從物理定律的角度來看,影片生成與世界模型有多遠?
How Far is Video Generation from World Model: A Physical Law Perspective
November 4, 2024
作者: Bingyi Kang, Yang Yue, Rui Lu, Zhijie Lin, Yang Zhao, Kaixin Wang, Gao Huang, Jiashi Feng
cs.AI
摘要
OpenAI 的 Sora 強調了影片生成的潛力,可以發展符合基本物理法則的世界模型。然而,影片生成模型能否純粹從視覺數據中發現這些法則,而不依賴人類先驗知識,這一點值得懷疑。一個學習真實法則的世界模型應該能夠對微妙之處做出堅固的預測,並能在未見過的情況下正確推斷。在這項工作中,我們在三個關鍵情境中進行評估:分布內、分布外以及組合泛化。我們開發了一個二維模擬測試平台,用於對物體運動和碰撞進行生成影片,這些影片受一個或多個古典力學法則的確定性控制。這為大規模實驗提供了無限的數據,並能夠量化評估生成的影片是否遵循物理法則。我們訓練了基於擴散的影片生成模型,以預測基於初始幀的物體運動。我們的擴展實驗表明,在分布內實現了完美泛化,在組合泛化中呈現可測量的擴展行為,但在分布外情境中失敗了。
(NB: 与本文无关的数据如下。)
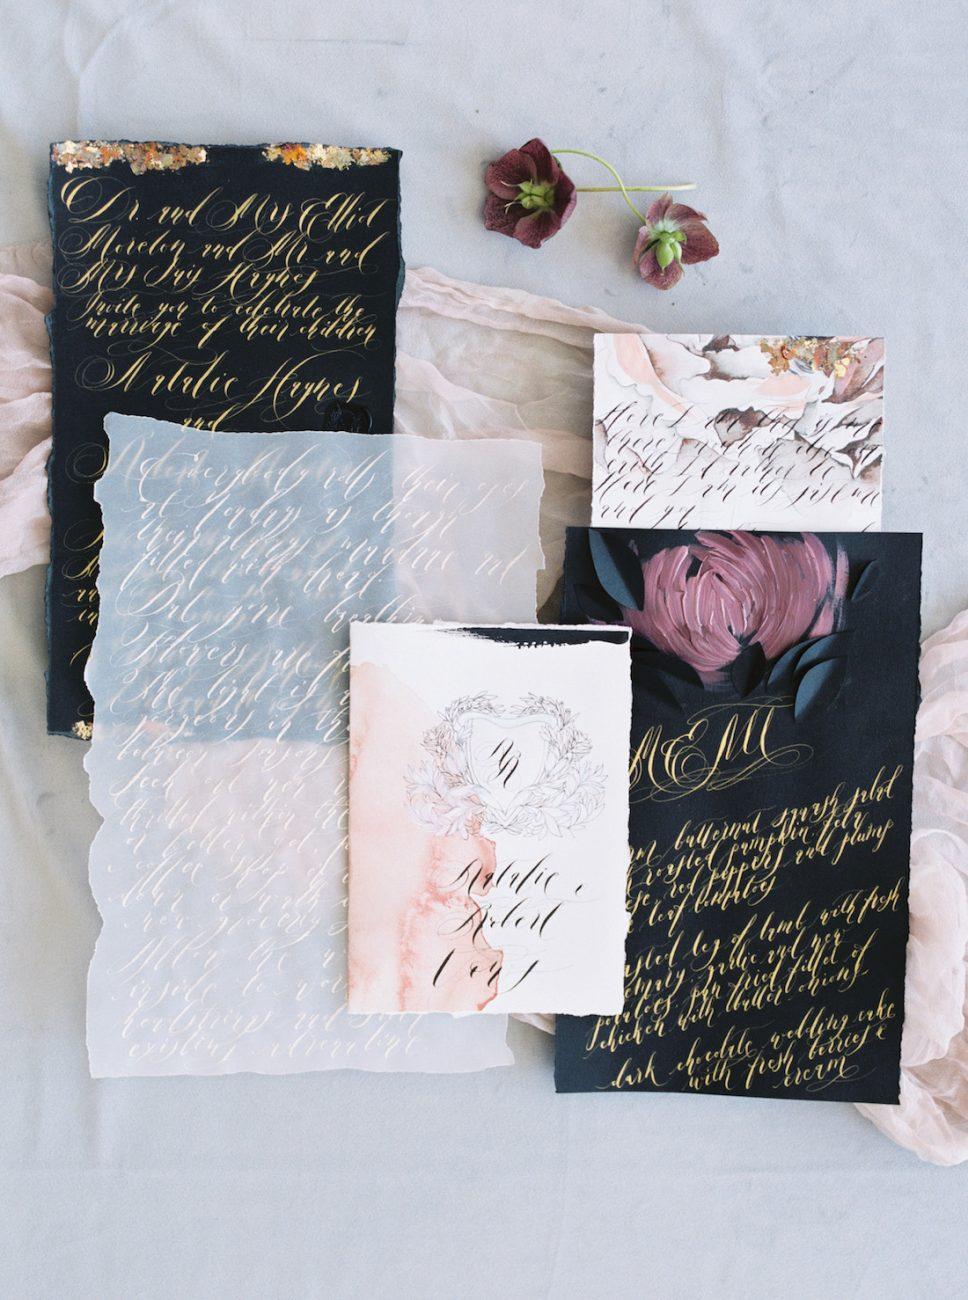 Moody Black Wedding Inspiration_black wedding invitations with gold foil

進一步的實驗揭示了關於這些模型泛化機制的兩個關鍵見解:(1) 這些模型無法抽象出一般物理規則,而是展現出“基於案例”的泛化行為,即模仿最接近的訓練示例;(2) 在泛化到新案例時,觀察到模型在參考訓練數據時會優先考慮不同因素:顏色 > 尺寸 > 速度 > 形狀。我們的研究表明,僅靠擴展本身是不足以讓影片生成模型揭示基本物理法則的,儘管在 Sora 的更廣泛成功中扮演了一定角色。請查看我們的項目頁面:https://phyworld.github.io
English
OpenAI's Sora highlights the potential of video generation for developing
world models that adhere to fundamental physical laws. However, the ability of
video generation models to discover such laws purely from visual data without
human priors can be questioned. A world model learning the true law should give
predictions robust to nuances and correctly extrapolate on unseen scenarios. In
this work, we evaluate across three key scenarios: in-distribution,
out-of-distribution, and combinatorial generalization. We developed a 2D
simulation testbed for object movement and collisions to generate videos
deterministically governed by one or more classical mechanics laws. This
provides an unlimited supply of data for large-scale experimentation and
enables quantitative evaluation of whether the generated videos adhere to
physical laws. We trained diffusion-based video generation models to predict
object movements based on initial frames. Our scaling experiments show perfect
generalization within the distribution, measurable scaling behavior for
combinatorial generalization, but failure in out-of-distribution scenarios.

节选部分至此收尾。